■ **TASK DIRECTIONS**
Pictures must not appear in the copy. Reproduce exactly, and only, the lines from the one with "Emergenza coronavirus: Presidente" through the end of the data below.

■ **PROVIDED MATERIAL**

========================================================================

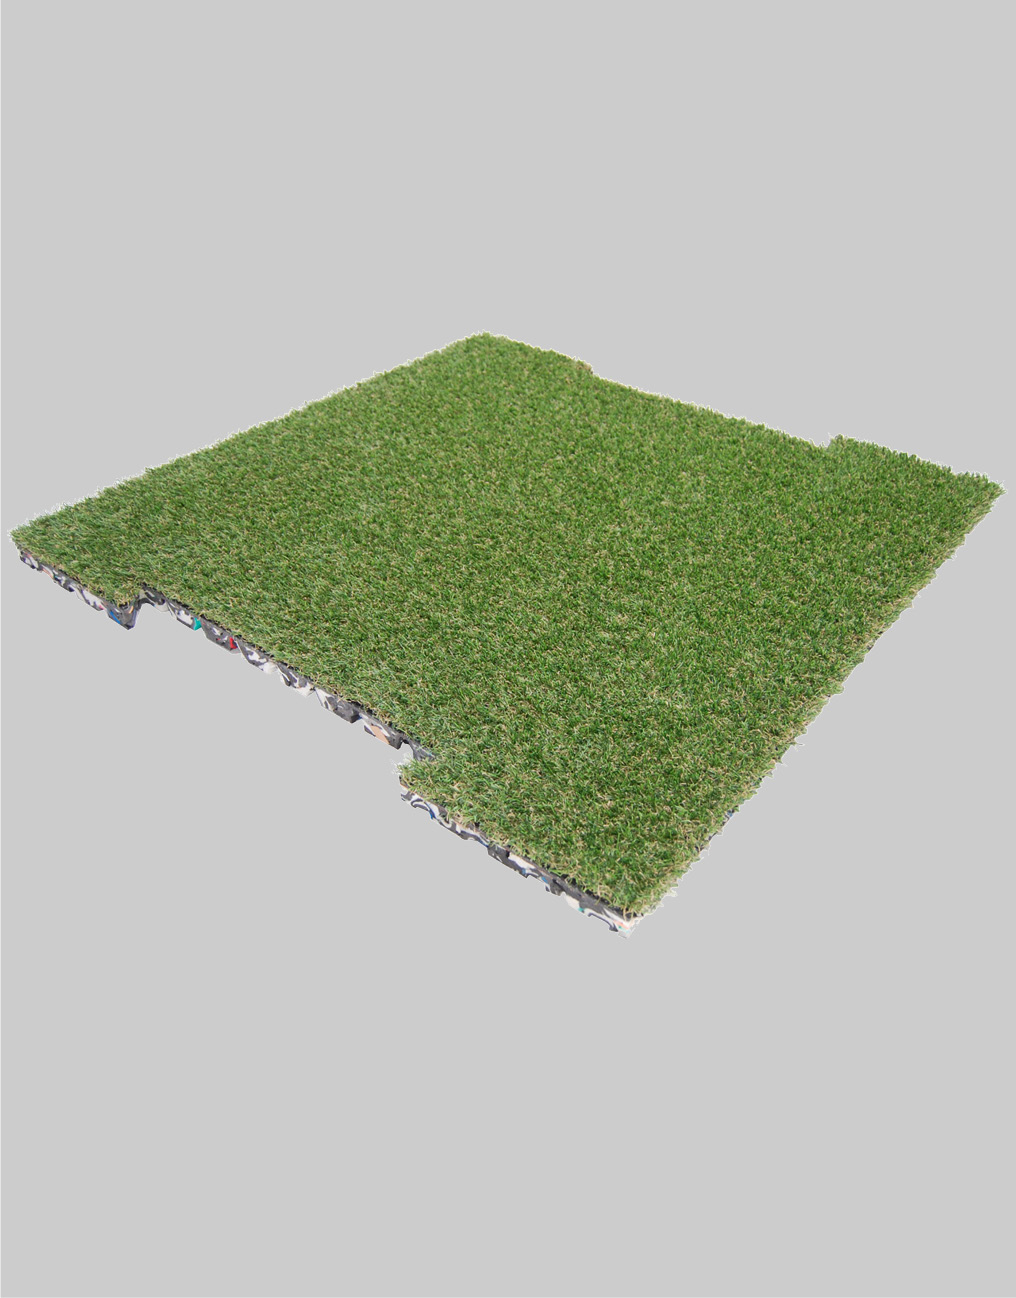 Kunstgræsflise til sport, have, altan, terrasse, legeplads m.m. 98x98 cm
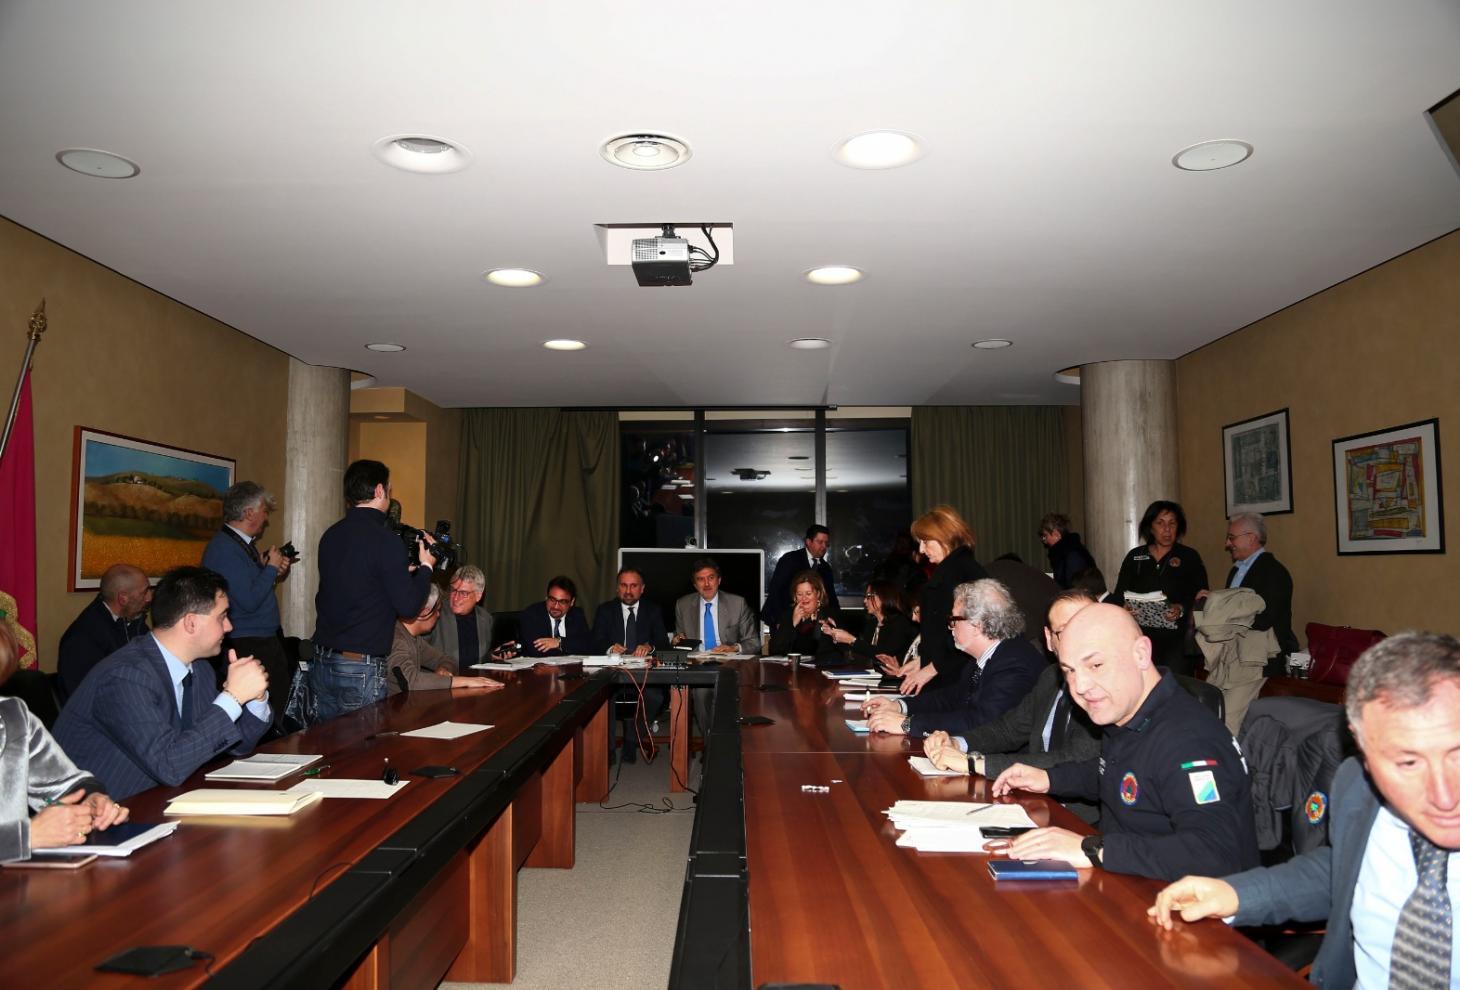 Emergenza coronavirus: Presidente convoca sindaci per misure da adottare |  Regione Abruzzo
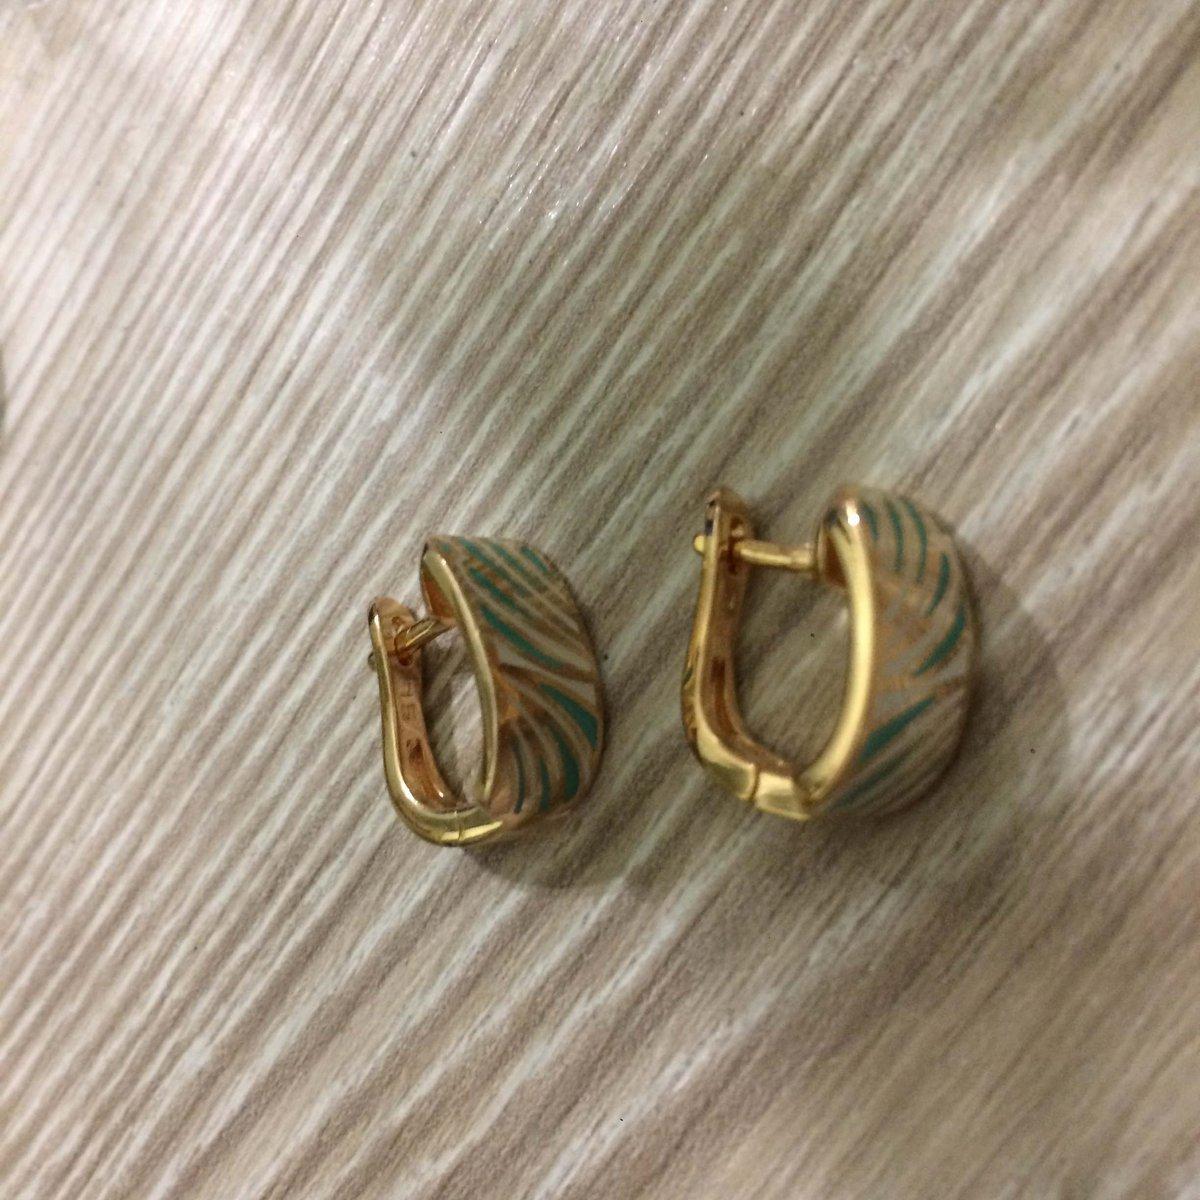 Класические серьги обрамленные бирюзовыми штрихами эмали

========================================================================

■ **OUTPUT FOR THIS EXERCISE**
 Emergenza coronavirus: Presidente convoca sindaci per misure da adottare |  Regione Abruzzo
 Класические серьги обрамленные бирюзовыми штрихами эмали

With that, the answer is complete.